In the data below, one line contains "Fairfax Ballet" and a later one contains "Graphic Design Art". Print both, with every line between them, exactly and alone.

══ Data to process ══

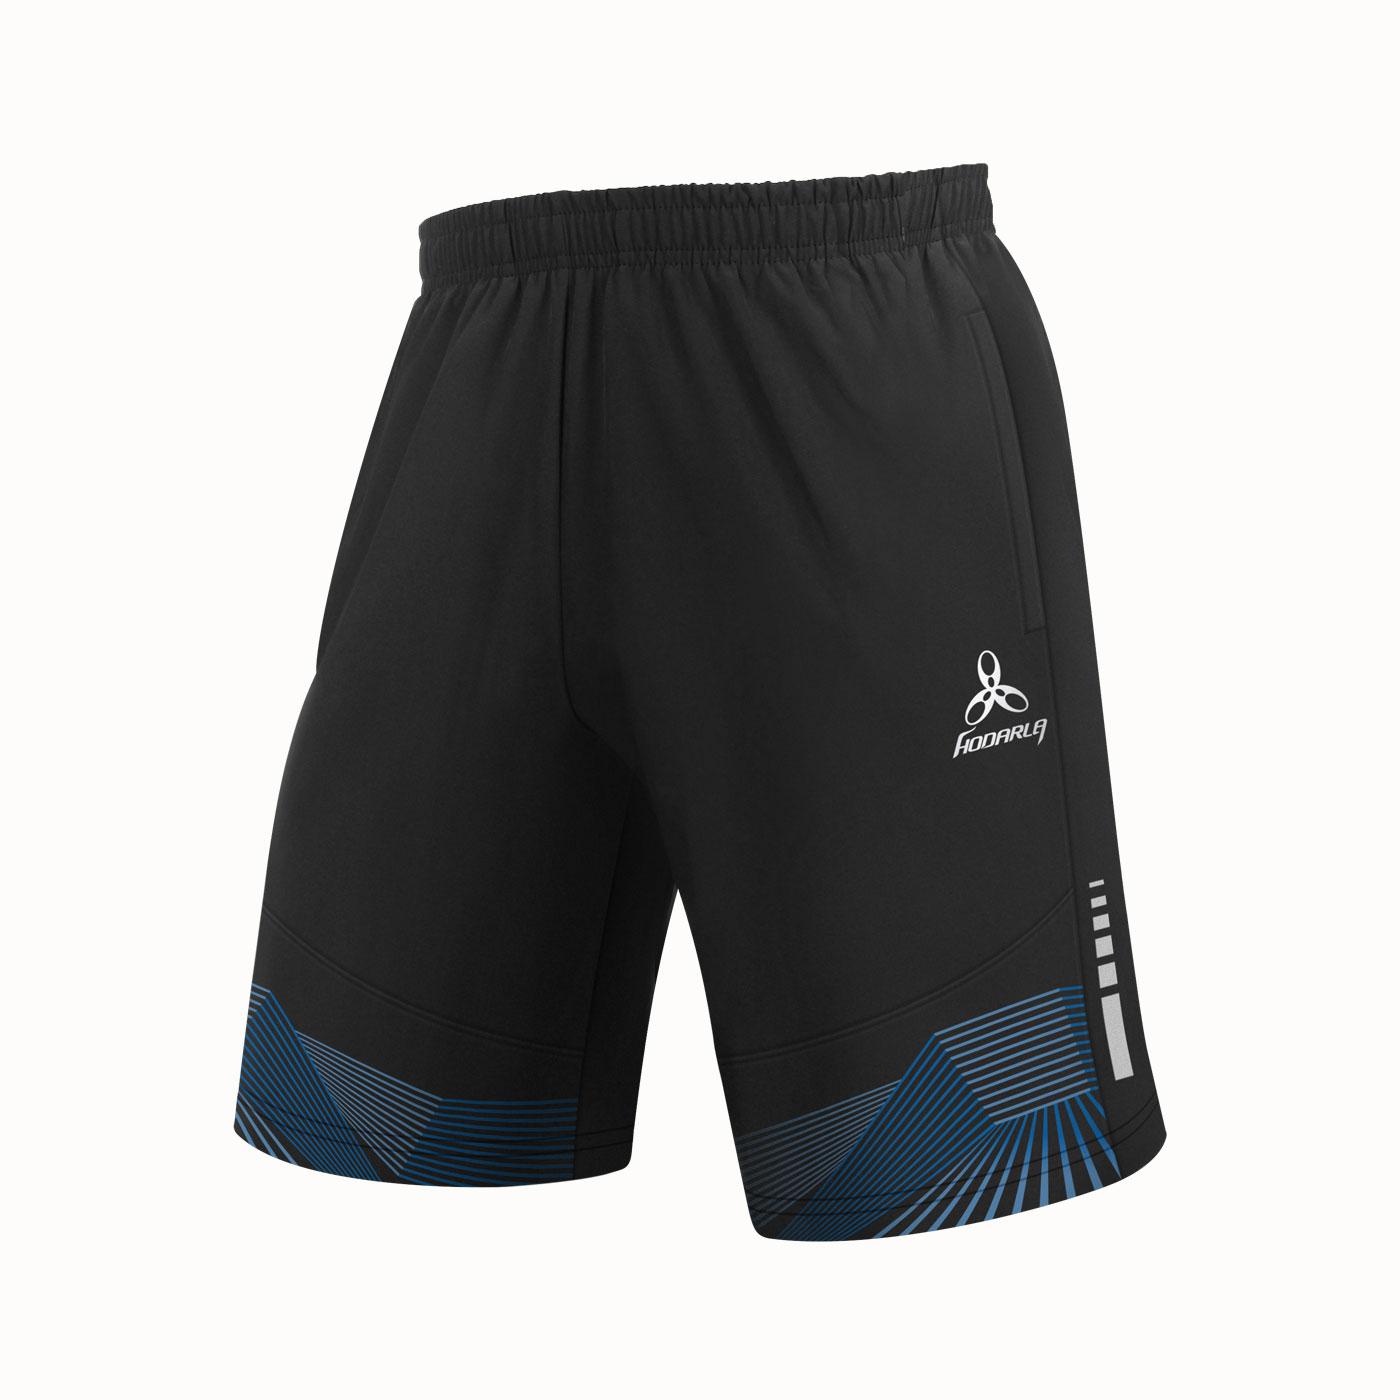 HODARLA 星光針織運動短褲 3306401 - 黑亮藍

═══
══ Data to process ══

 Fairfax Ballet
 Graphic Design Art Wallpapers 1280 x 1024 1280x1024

═══
══ Data to process ══

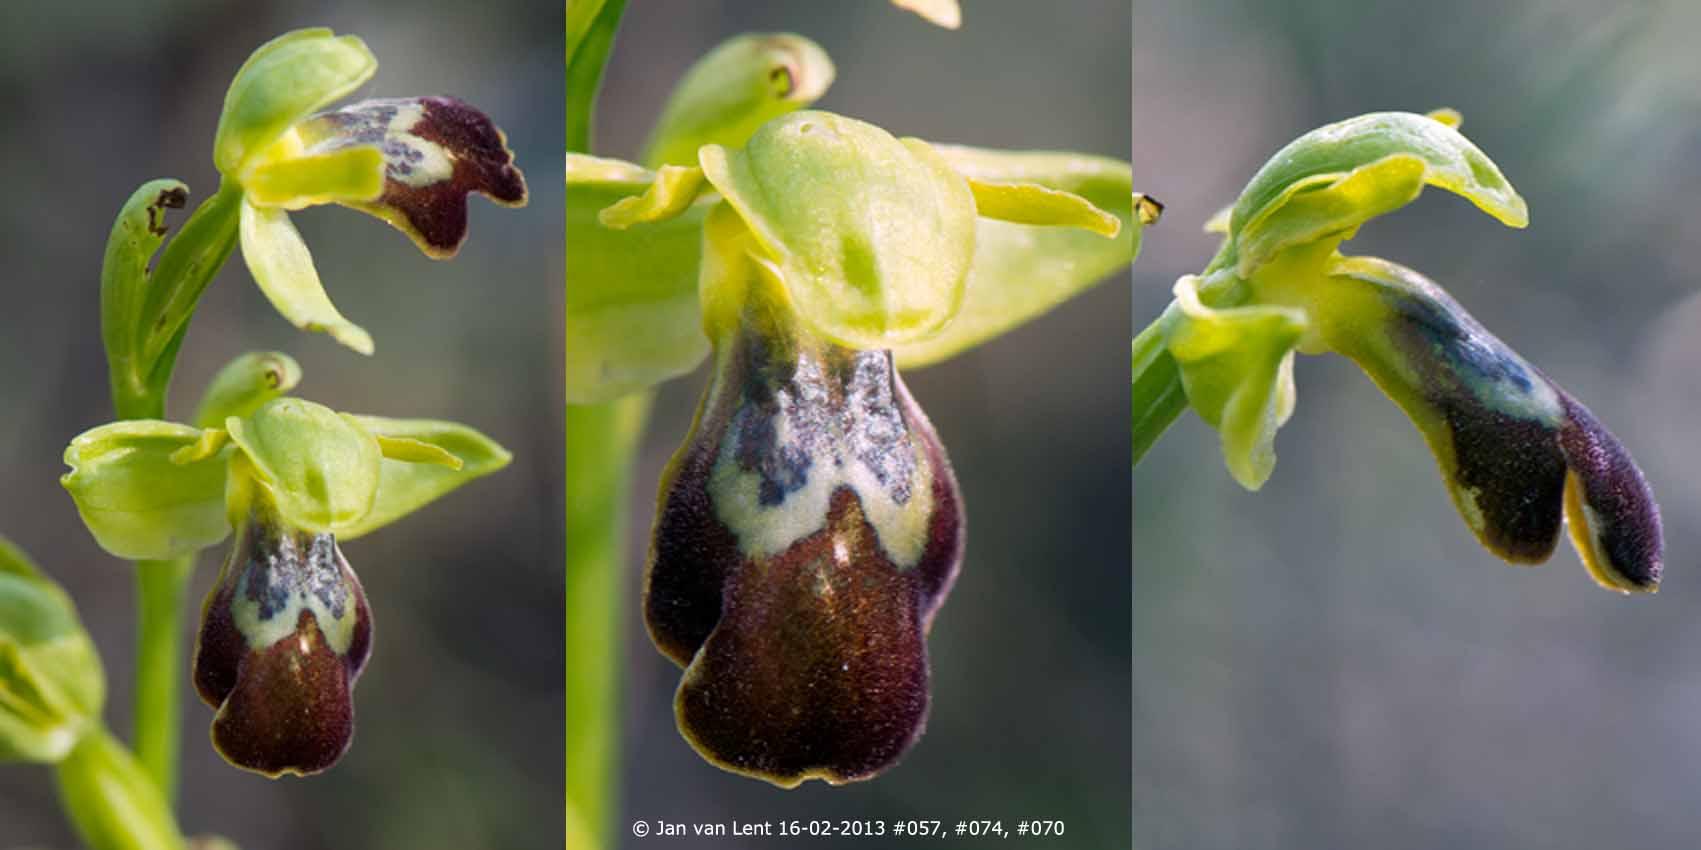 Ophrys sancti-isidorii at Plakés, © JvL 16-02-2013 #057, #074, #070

═══

**Expected answer**:
 Fairfax Ballet
 Graphic Design Art Wallpapers 1280 x 1024 1280x1024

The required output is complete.